Обратили на себя внимание и выдержанные в духе ислама и связанные с повседневной жизнью граждан решения судов – например касающиеся людей, которые во время еды держат прибор в левой руке: ислам разрешает использовать левую руку только если человек физически не может использовать правую.
Реакцией на усиление авторитаризма и религиозной ортодоксии на государственном уровне стала неудавшаяся попытка госпереворота в 2016 году. Она обострила ситуацию в стране до предела. Жесткие действия правительства в отношении тех, кто в ней участвовал, или тех, кого оно в этом заподозрило, привели к ухудшению отношений с Западом.
Вызванные внутренней дестабилизацией и действиями режима политические и экономические стрессы привели к массовой утечке квалифицированных и просто молодых и работящих кадров, не говоря уже о деморализации многих из тех, кто остался. Это мешает экономическому росту как в кратко-, так и в средне- и долгосрочной перспективе.
К внутренней дестабилизации добавились геополитические шоки, связанные с конфликтом в Сирии и курдской проблемой, а затем с ухудшением отношений с США, которое повлекло за собой рост импортных тарифов на турецкие товары и другие экономические санкции, ставши главной причиной стремительного и глубокого обвала курса лиры.
Администрация Трампа вводила санкции, наказывая Анкару за вторжение в северную Сирию для вытеснения из приграничных районов вооруженных формирований Сирийских Демократических Сил.
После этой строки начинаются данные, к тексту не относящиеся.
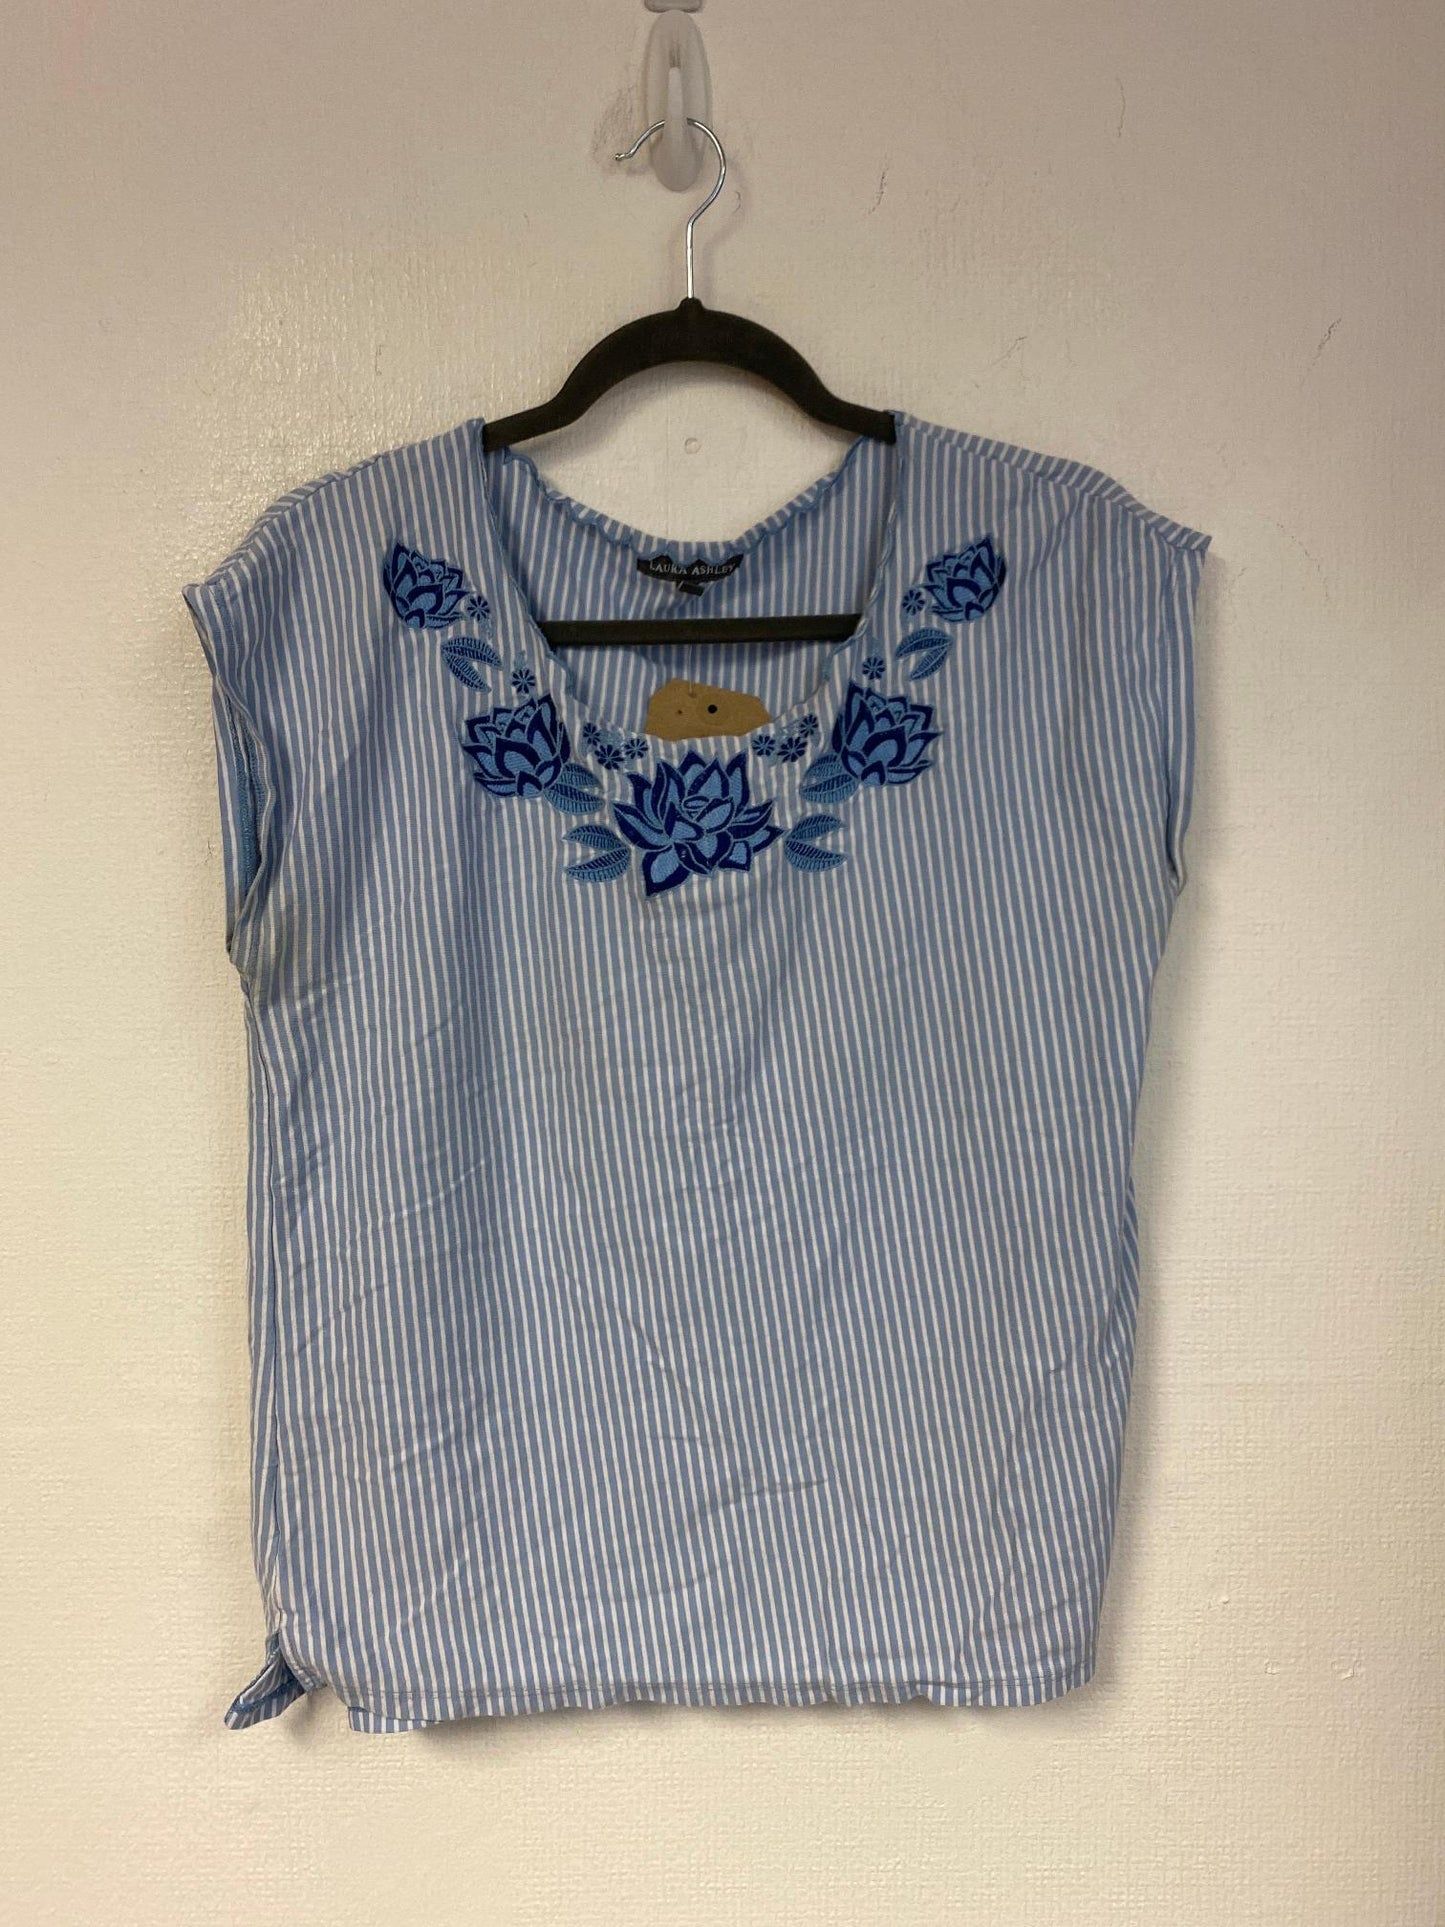 Blue embroidered sleeveless top, size 12 - Damaged Item Sale

Главную роль в них играют курды, а Анкара рассматривает крупнейшее подразделение СДС как террористическую организацию, в то время как для Америки и всего Запада это союзники в борьбе с Исламским Государством[214]. Еще одним поводом для ухудшения американо-турецких отношений стал арест в Турции в 2016 году американского пастора Эндрю Брансона, обвиненного в поддержке терроризма.
В таких внутри- и внешнеполитических условиях удержать быстрый рост экономики оказалось непосильной задачей. Однако в ковидном 2020-м турецкая экономика доказала, что при всех своих трудностях она сильнее, чем многие думали: ВВП вырос на добротные для такого смутного времени 1,9 %. При этом, несмотря на пандемию, экономику «тащил» вверх рост внутреннего спроса, включая спрос на услуги[215]. Далеко не последнюю роль сыграли и стимулирующие меры правительства.
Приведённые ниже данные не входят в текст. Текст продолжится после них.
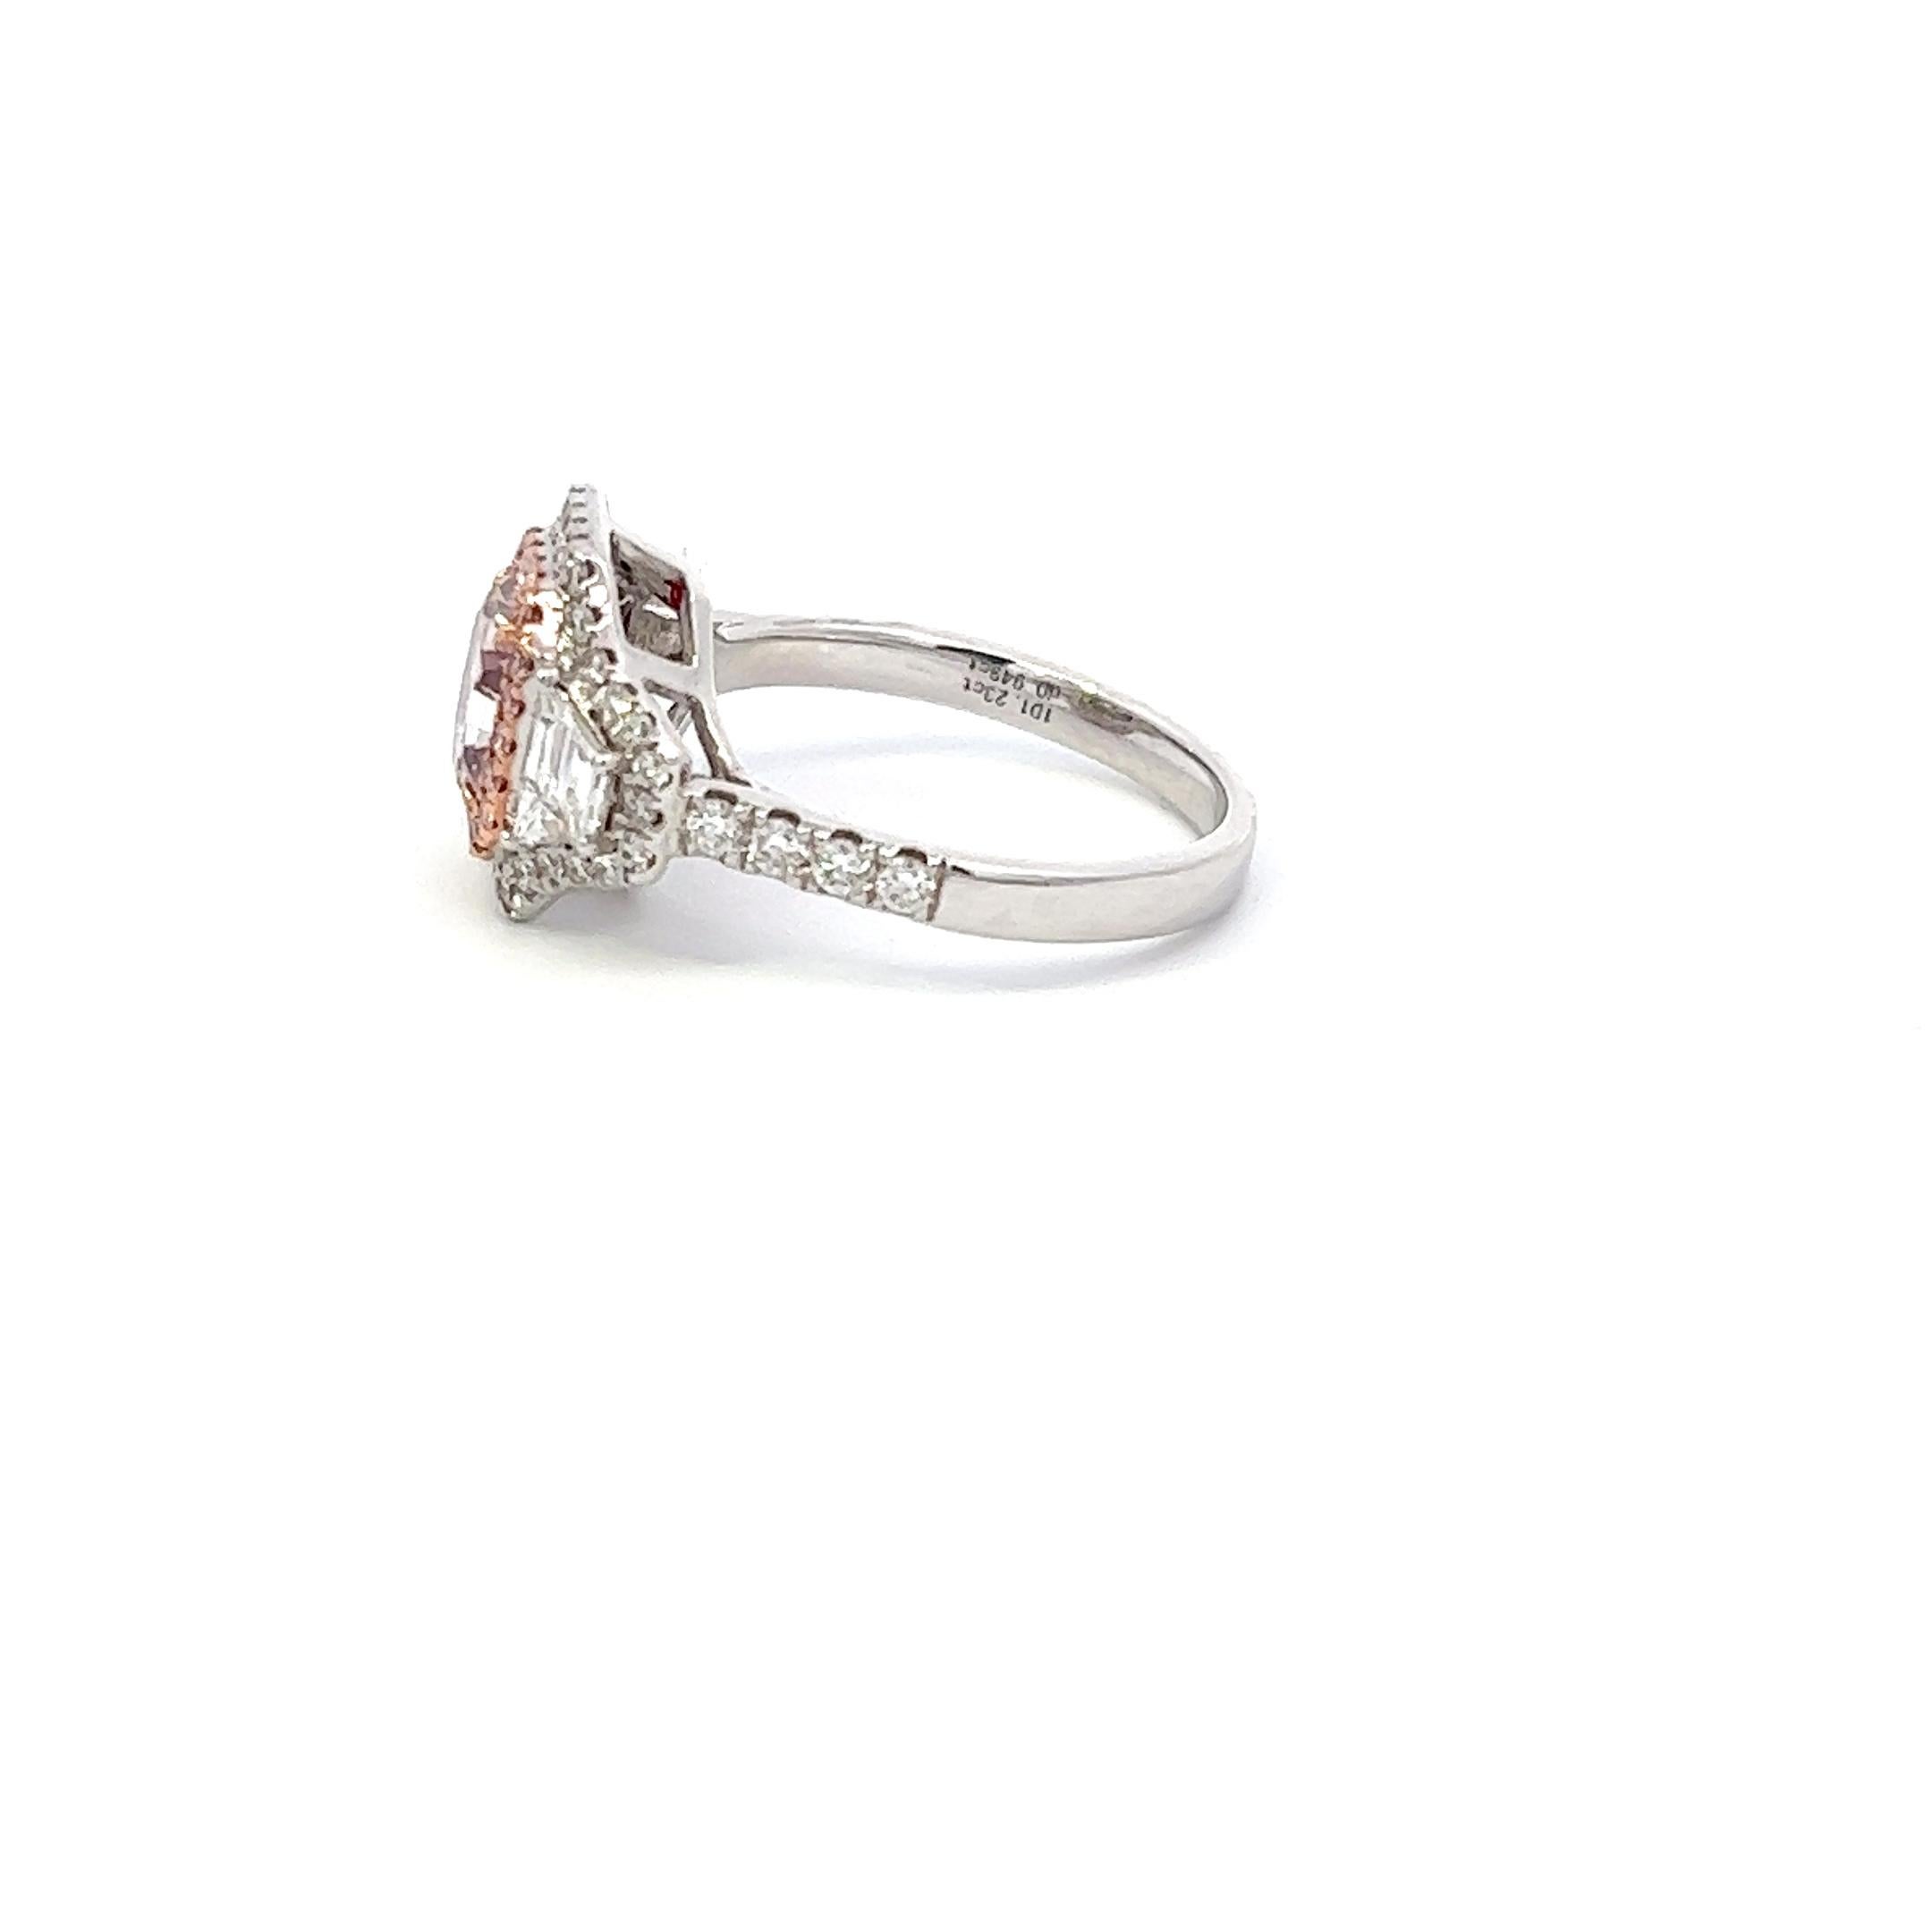 Radiant Cut GIA Certified 1.23 Carat Pink Diamond Ring For Sale

В 2021 году темп роста поднялся до 11,4 %, что стало одним из самых высоких показателей в мире. По сравнению с 2019 годом рост составил 13,6 %.
В 2022 году темп снизился до 5,5 %, но это тоже очень неплохой результат по нынешним международным меркам. В 2023 году он уменьшился до 5,1 % – прежде всего потому, что замедление роста мировой экономики тянет вниз турецкий экспорт. В то же время внутренний потребительский спрос растет довольно бодрым темпом.
Сможет ли Турция снова встать на тропу динамичного роста?
Стоящие на этом пути препятствия очевидны. Сверхэкспансионистская политика не свободного в своих решения центрального банка, в частности, отрицательные реальные процентные ставки, не позволяет обеспечить макроэкономическую стабильность. Отсюда недоверие инвесторов – как внутренних, так и зарубежных. Свирепствует инфляция. Естественно, велико негативное воздействие геополитического шока 2022 года, в том числе из-за сокращения притока российских туристов.